--- Data extract ---
-------

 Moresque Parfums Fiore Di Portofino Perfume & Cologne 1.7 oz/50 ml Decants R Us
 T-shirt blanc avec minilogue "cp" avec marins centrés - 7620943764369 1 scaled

-------

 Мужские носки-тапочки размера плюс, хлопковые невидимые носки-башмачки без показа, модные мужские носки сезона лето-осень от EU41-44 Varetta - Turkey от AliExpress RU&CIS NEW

-------

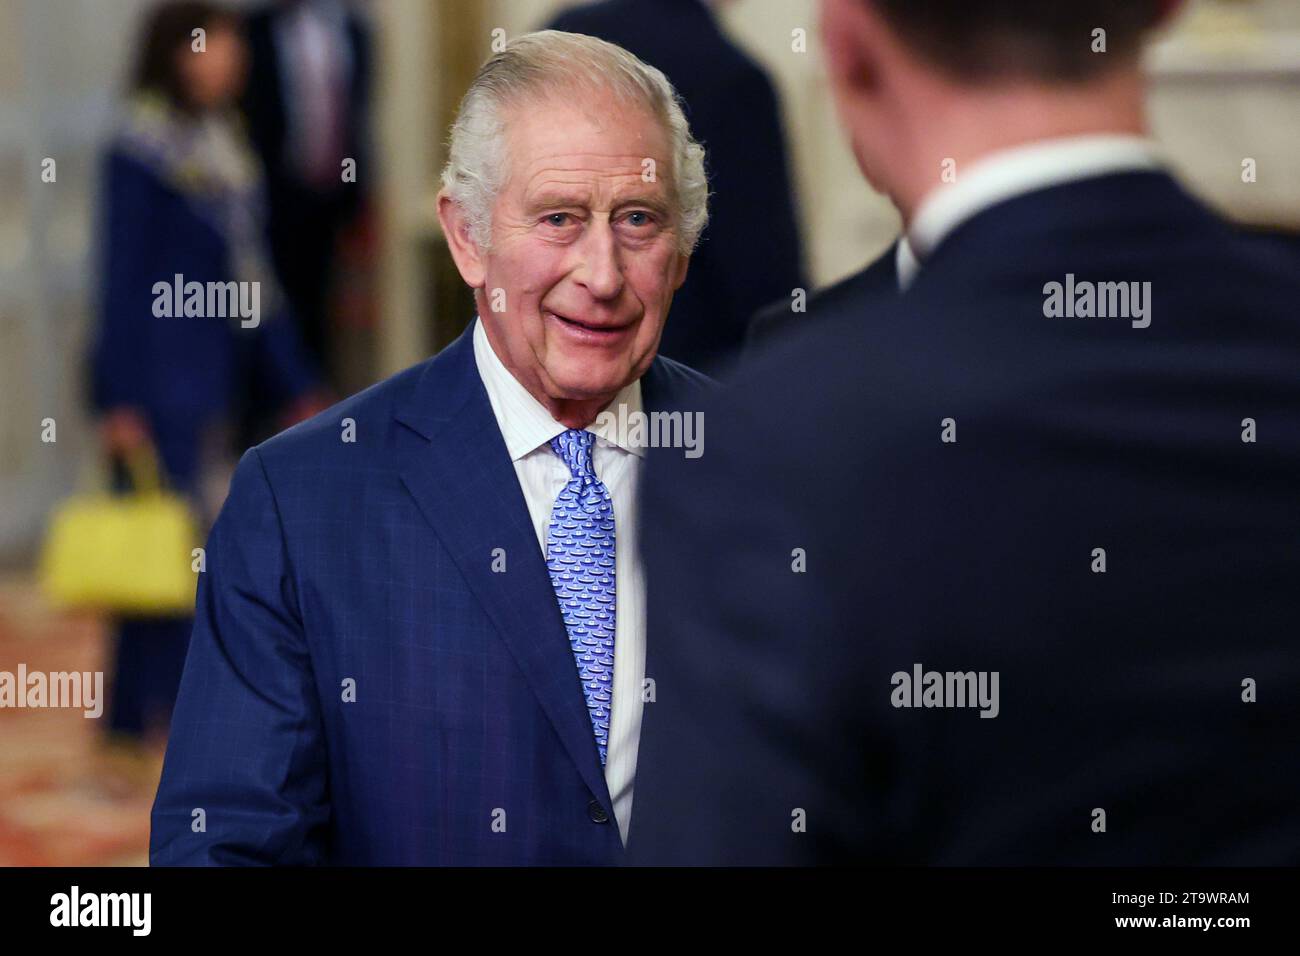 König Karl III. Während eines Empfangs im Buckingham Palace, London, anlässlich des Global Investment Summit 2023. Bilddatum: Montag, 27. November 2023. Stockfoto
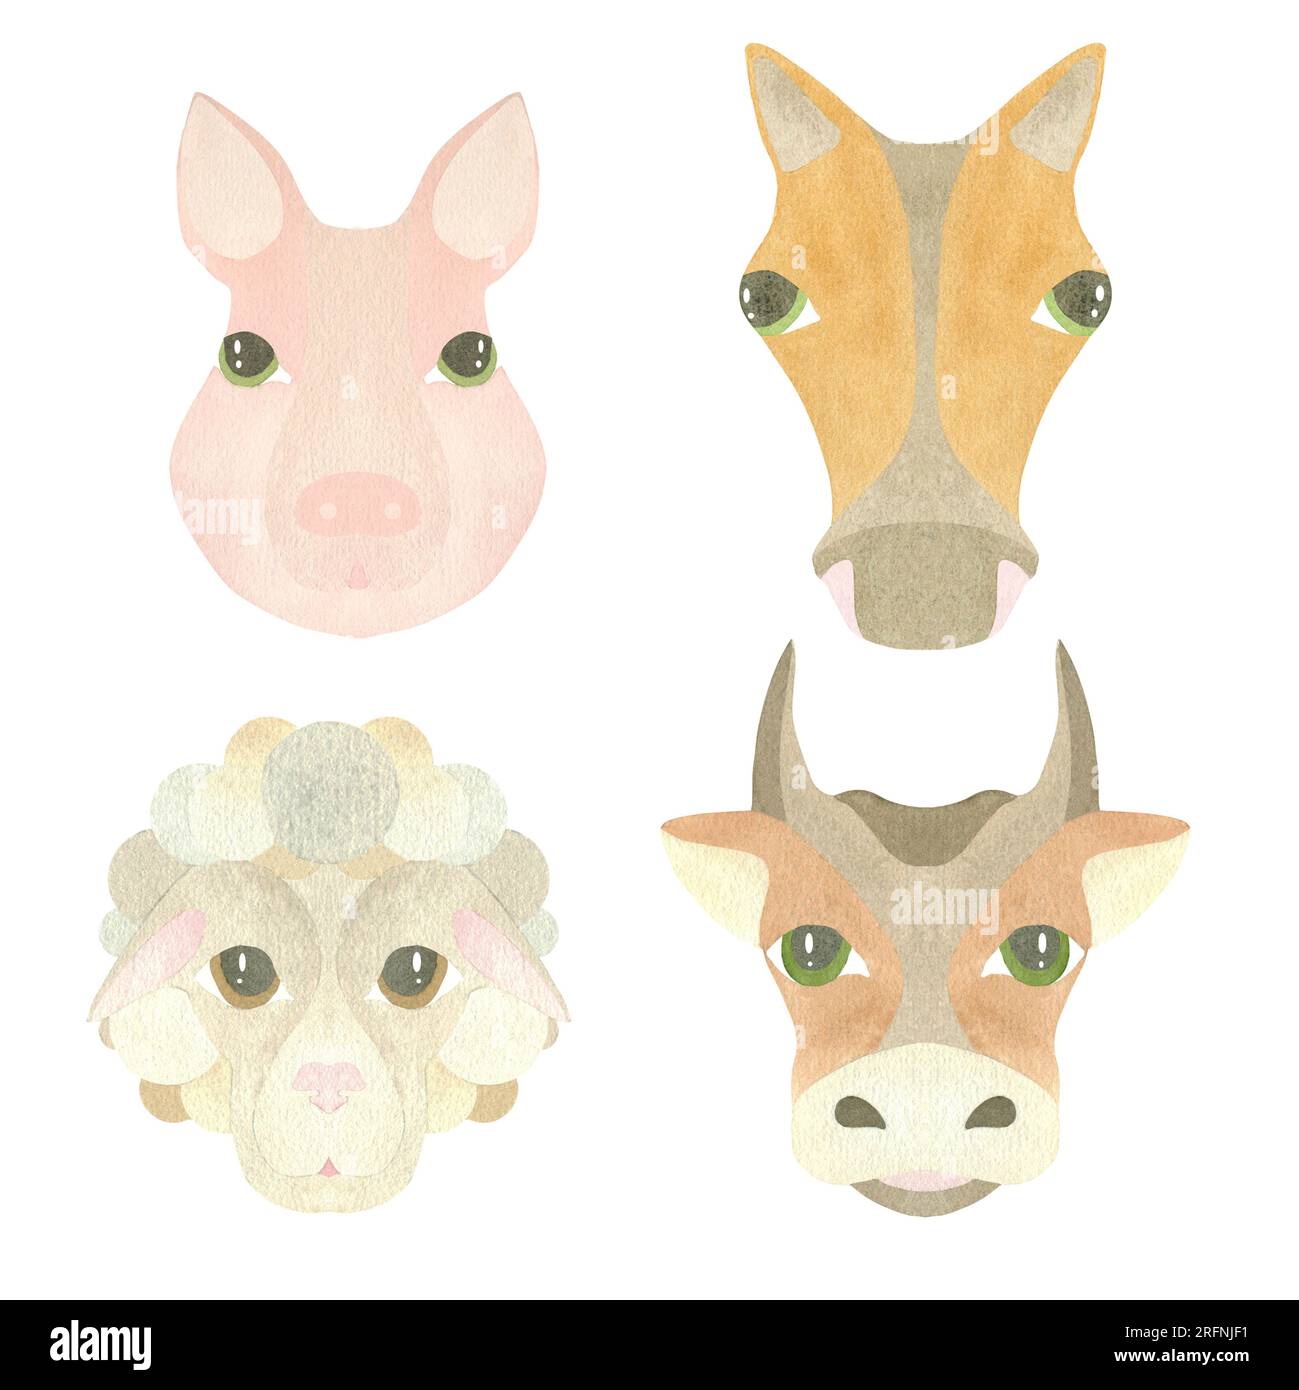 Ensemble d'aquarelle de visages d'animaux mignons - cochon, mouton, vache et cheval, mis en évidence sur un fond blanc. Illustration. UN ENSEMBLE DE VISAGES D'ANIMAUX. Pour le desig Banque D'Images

-------

The stretch to restate runs from the line above containing "König Karl III." through the line containing "Ensemble d'aquarelle de". Copy it word for word, ends included, without pictures.

--- Solution to the exercise ---
 König Karl III. Während eines Empfangs im Buckingham Palace, London, anlässlich des Global Investment Summit 2023. Bilddatum: Montag, 27. November 2023. Stockfoto
 Ensemble d'aquarelle de visages d'animaux mignons - cochon, mouton, vache et cheval, mis en évidence sur un fond blanc. Illustration. UN ENSEMBLE DE VISAGES D'ANIMAUX. Pour le desig Banque D'Images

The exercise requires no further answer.